И Маг припускает вверх, а я шествую дальше.
Презанятные вещи происходят у нас в УМЭ, пре-за-нят-ны-е!
Я твержу и твержу себе: я пишу не роман!
Не ро-ман я пи-шу!
Не роман, не роман, а за-пис-ки, хронограмму моей жизни в определенные годы, любопытные штрихи из быта и маленькие тайны, которые я хотел бы предать огласке. Сделать это почитаю я долгом своим, долгом честного человека: я о чем-то современникам должен поведать, о чем-то предупредить их, хотя русская социальная мысль и литература уже двести лет о чем-нибудь соотечественников предупреждают, да все как-то без толку.
Я пишу не роман — хронограмму. Роман зиждется на вымысле, а в записках все достоверно должно быть, так, как было; разрешается, может быть, только имена и фамилии изменять. Жизнь в записках фиксируется, всего лишь фик-си- ру-ет-ся; а отсюда — позволительная ненапряженность сюжета, размазанность рассуждений, чересполосица времени. Я пишу не роман, но роман как бы преследует меня, тянется к моим безобидным запискам, проникает в них, ввинчивается, внедряется.
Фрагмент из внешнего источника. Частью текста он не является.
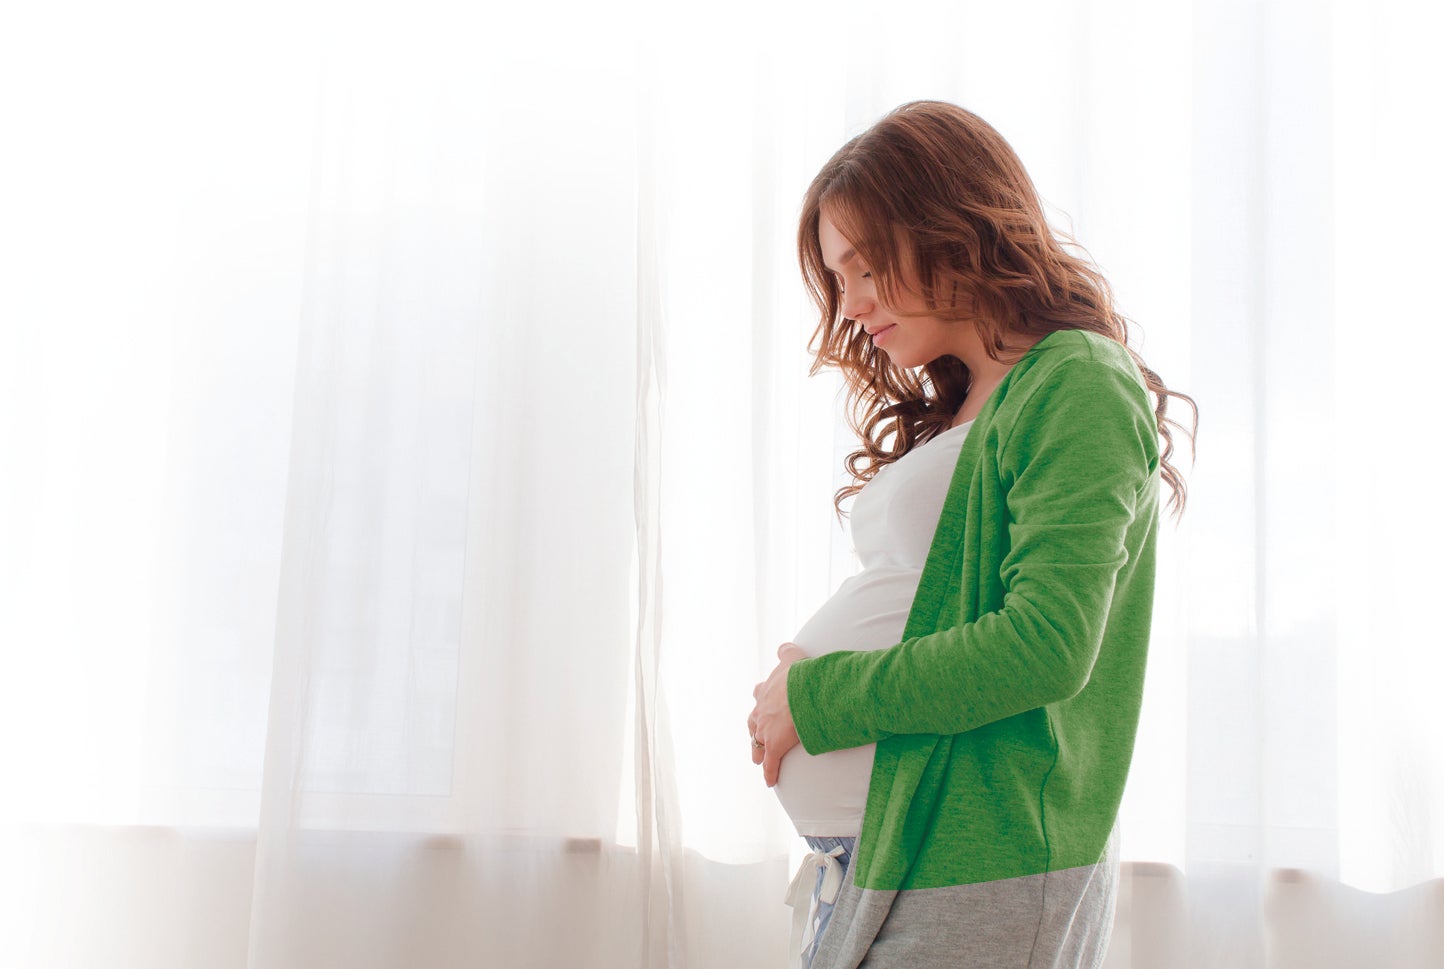 Pregnancy and Oral Care

Я пишу не роман, но попал-то я в типично романную ситуацию, в ситуацию, характерную именно для героя романа: я должен принять решение, которое, может статься, со стороны покажется забавным, уморительным даже; для меня же оно невероятно серьезно. Каким оно будет? Не знаю; и мой труд — акт отчаяния, признания неготовности к ответу на вопрос, предо мною внезапно возникший. Бьюсь я над своей хронограммой, а меня затягивает в роман, и сбиваюсь я на него, поглядывая на себя и извне, и немножечко изнутри, ощущая себя и создателем, и невольным героем поневоле романизированных записок.
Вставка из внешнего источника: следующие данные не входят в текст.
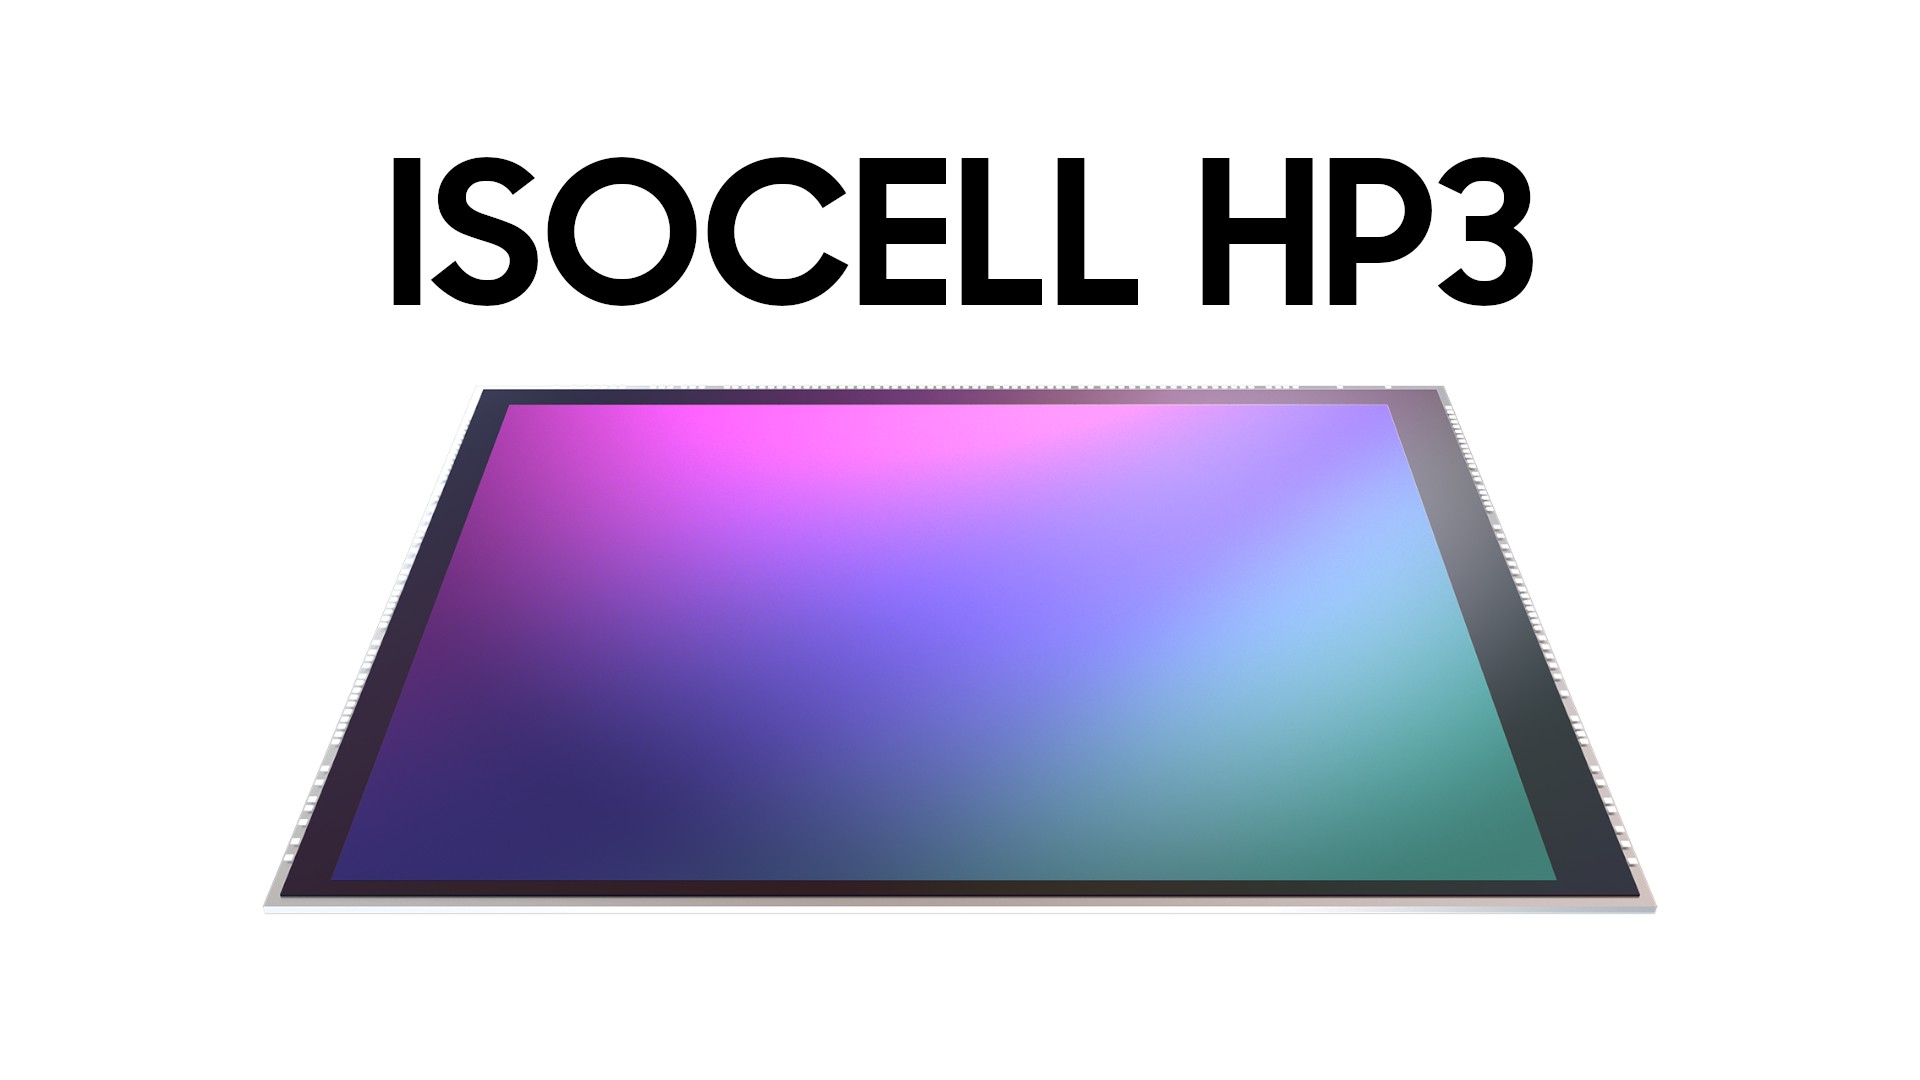 Samsung 200MP ISOCELL HP3

Приблизительно тогда, когда я в УМЭ рассыпался в любезностях перед Верою Францевной, в двухкомнатной квартире Валерия Никитича Вонави-Иванова снова сошлись коронованные особы и прочие исторические деятели всевозможных государств и времен. На сей раз, правда, их было не так уж и много: Боря, новоузнанный граф Сен-Жермен; дюжий малый, блондин-губошлеп с остановившимся взглядом, в коем гений родоначальника русских йогов, Великий Учитель школы Ста сорока четырех арканов прозрел римского императора Гая Юлия Цезаря, да подобранная на Казанском вокзале девушка, о которой тотчас же стало известно: она ангел, душа неискушенная, в нравах и в делах нашего пестрого и грубоватого мира неопытная, в первый раз воплотилась она в материальное тело. Все они сошлись поздравить Веру Ивановну с именинами; именины же у нее на старинный манер с днем рождения совпадали; и по этому случаю в кухне был сервирован чай из собранных наспех разнокалиберных чашек, на столе возвышалась початая поллитровка, лежали нарезанное толстыми ломтями сало, посиневшая колбаса, огурцы.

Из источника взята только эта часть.